On June 6, 2008, the FDIC issued Guidance for Managing Third Party Risk (FIL-44-2008) (the “Guidance”), reaffirming that “an institution's board of directors and senior management are ultimately responsible for managing activities conducted through third-party relationships, and identifying and controlling the risks arising from such relationships, to the same extent as if the activity were handled within the institution.” As used in the Guidance, the term third party is broadly defined to include both bank and non-bank, affiliated and unaffiliated, regulated and unregulated and domestic and foreign entities with whom an institution has a business relationship. Such relationships are common, and it is generally expected that a bank will outsource certain operational functions to a third party or engage a third party to deliver products and services, including products funded by the institution and originated by a third party. By its terms, the Guidance applies to any third party arrangements; however, heightened board and management oversight and risk management, including initial and annual review and approval, should apply to significant third-party relationships. In part, a relationship is deemed significant if it:
- involves a new relationship or new bank activities;
- has a material effect on revenues or expenses;
- involves a third party that performs critical functions;
- permits a third party to store, access, transmit or perform transactions on sensitive customer information;
- allows for third party marketing of bank products or services;
- involves subprime lending or card payment transactions; or
- poses risks that could significantly affect earnings or capital.
Failure to manage risks expose an institution to regulatory action, financial loss, litigation and reputation damage and impairment of the ability to retain or establish new customer relationships. The first step to managing risk is proper risk assessment and identification. Depending on the given facts and circumstances, a third party relationship may present risks that include:
Strategic Risk - risk arising from adverse third party business decisions or failure to implement appropriate decisions in a manner that is consistent with strategic goals.
Reputation Risk - risk arising from negative public opinion of the institution due to actions or inactions of the third party.

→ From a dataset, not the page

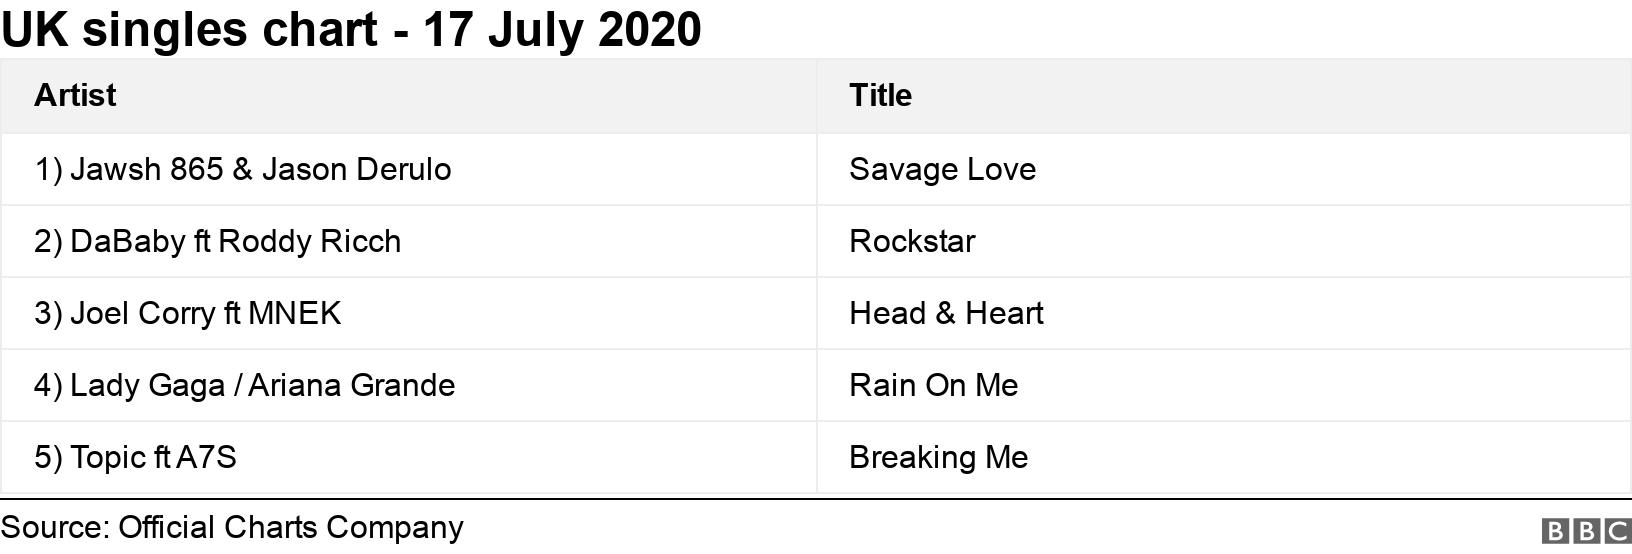 UK singles chart - 17 July 2020. . .

Operational Risk - risk of loss resulting from inadequate or failed third party internal processes, people and systems or external events.
Transaction Risk - risk of problems with third party service or product delivery and execution.

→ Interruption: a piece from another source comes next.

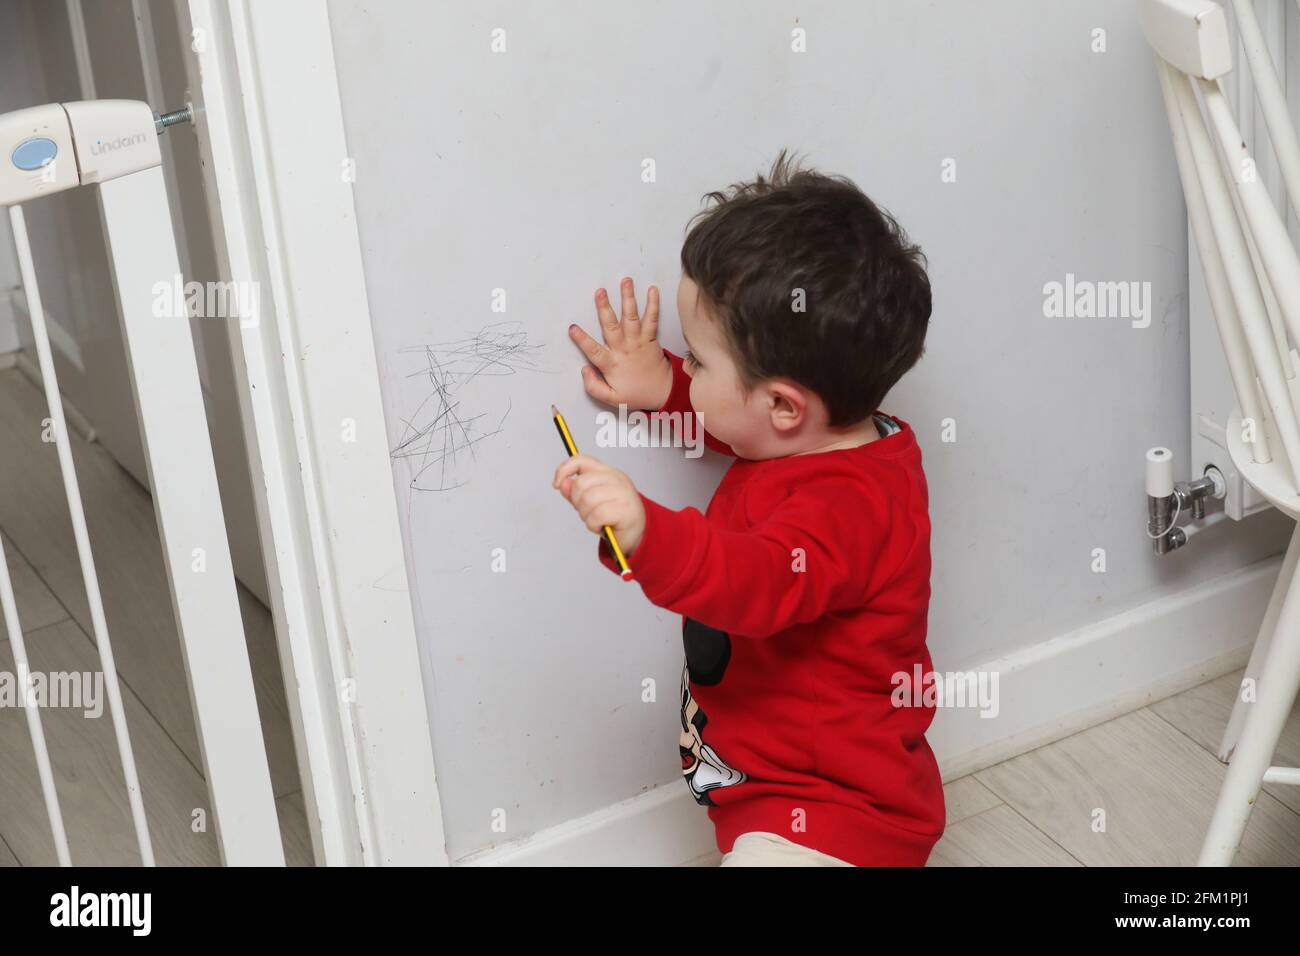 Ein kleiner Junge hat in West Sussex, Großbritannien, mit einem Bleistift an den Wänden gezeichnet. Stockfoto

Credit Risk - risk that a third party, or any other creditor necessary to the third-party relationship, is unable to meet the contractual terms or perform as agreed.
Compliance Risk - risk arising from statutory or regulatory violations, or from noncompliance with internal policies, procedures or business standards of the institution.
Other Risks – the potential for additional risks is fact-specific and an institution should develop a comprehensive list of potential risks for each third party arrangement, possibly including liquidity, interest rate, price, foreign currency translation and country risks.
Third party due diligence is essential to adequately assess and mitigate risk. As noted in the Guidance, “the scope and depth of due diligence is directly related to the importance and magnitude of the institution’s relationship with the third party.” Comprehensive due diligence involves review of all available third party information with attention toward financial condition (including bond or insurance coverage), specific relevant experience, compliance knowledge, reputation (in part determined through complaints or litigation involving the third party) and scope and effectiveness of operations and controls (which information may be supplemented with external audits, SAS-70 reports or other supporting materials, if available).
Third party contracts form the basis of the relationship. To that end, contracts should reflect specific expectations and obligations of the parties. Depending on the materiality of the relationship, board and legal review and approval may be warranted. Of paramount importance is the need to clearly and explicitly establish the scope of the relationship, compensation terms, events of default, performance standards, term and time deadlines, format of deliverables, agency access to relevant third party records, insurance requirements, confidentiality, use of subcontractors and indemnification.
A third party risk management oversight program should generally include ongoing monitoring of the third party’s quality of service, risk management practices, financial condition and applicable controls and reports. Results of oversight activities for significant third party relationships should be reported to the board of directors or a designated board committee periodically. The Guidance directs that “identified weaknesses should be documented and promptly addressed.”
Conceptually, a regulatory examination of a financial institution will include a review of third party services “to the same extent as if the third-party activity were handled within the institution.” Third party relationships and risk management and oversight are typically reflected in the management evaluation for an institution. As a final comment in the Guidance, the FDIC noted that Section 7 of The Bank Service Company Act mandates written notice to the appropriate federal banking agency of third party contracts for certain services such as check and deposit sorting and posting; computation and posting of interest and other credits and charges; preparation and mailing of checks, statements, notices, and similar items; or any other clerical, bookkeeping, accounting, statistical, or similar functions performed for a depository institution. While the Guidance does not create new requirements for banks, it does reaffirm the need to focus attention and resources on third party relationships and risks.